His heart-radio was broken and could only play static songs. Head punctured, he wept air, though I pretended not to notice.

I stayed with him awhile, listening to car alarms chirp an eclogue. Sky too smutty for stargazing, we stared at the oily tarmac where shattered bottle splinters coruscated under an arc lamp. We could make out the constellations of the One-Leg Begging Vet and the Little and Big Busted Shopping Carts.

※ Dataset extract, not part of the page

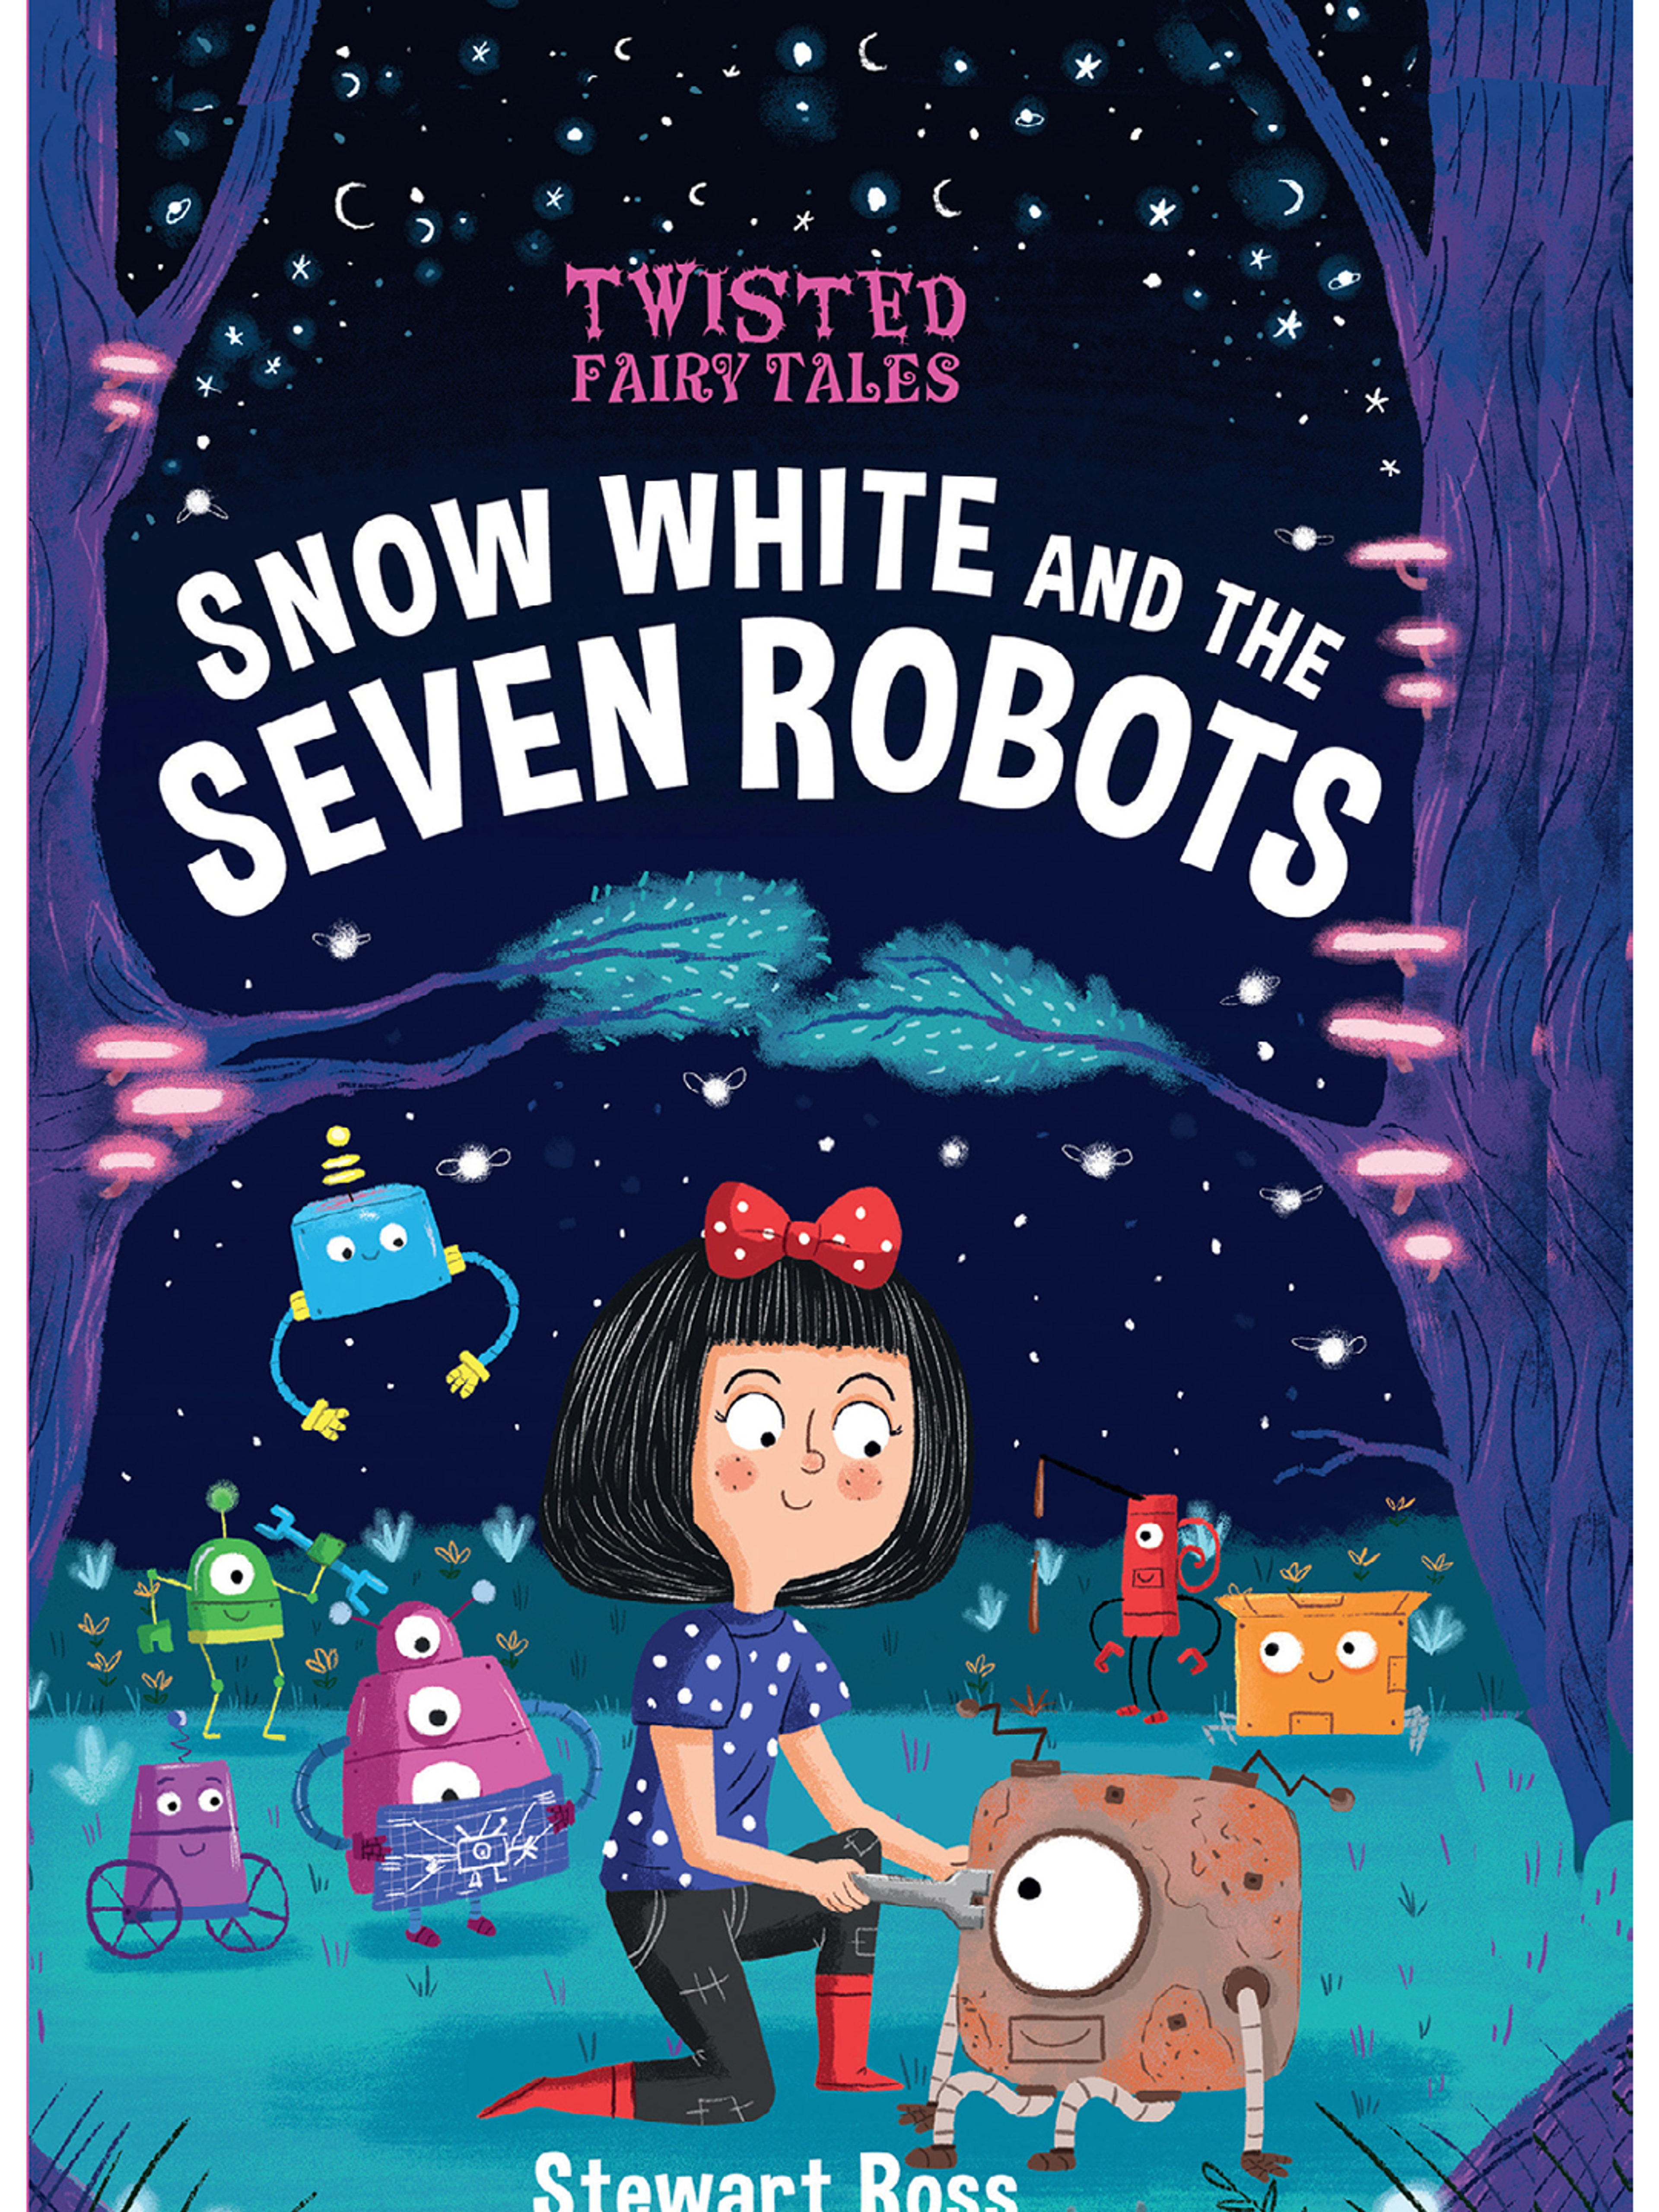 Snow white and the seven robots

/Make a wish/, his deflation whispered as another bottle shot from a car window.

VII
The Lady Liberty Statue puts her book to her torch. She descends her pedestal and treads underfoot your huddled masses yearning to breathe pollution. She strips off her robe, revealing breasts ponderous with petroleum and pudendum menstruating toxic waste. She dances for the NYC tourists who throw her a buck. She straddles the Chrysler Building, shrieking. /The Whore of Babylon ain’t got nothin’ on me, baby!/ As she climaxes, she topples and smashes apart on the pavement. Gang kids spray paint her ruins with indecipherable runes.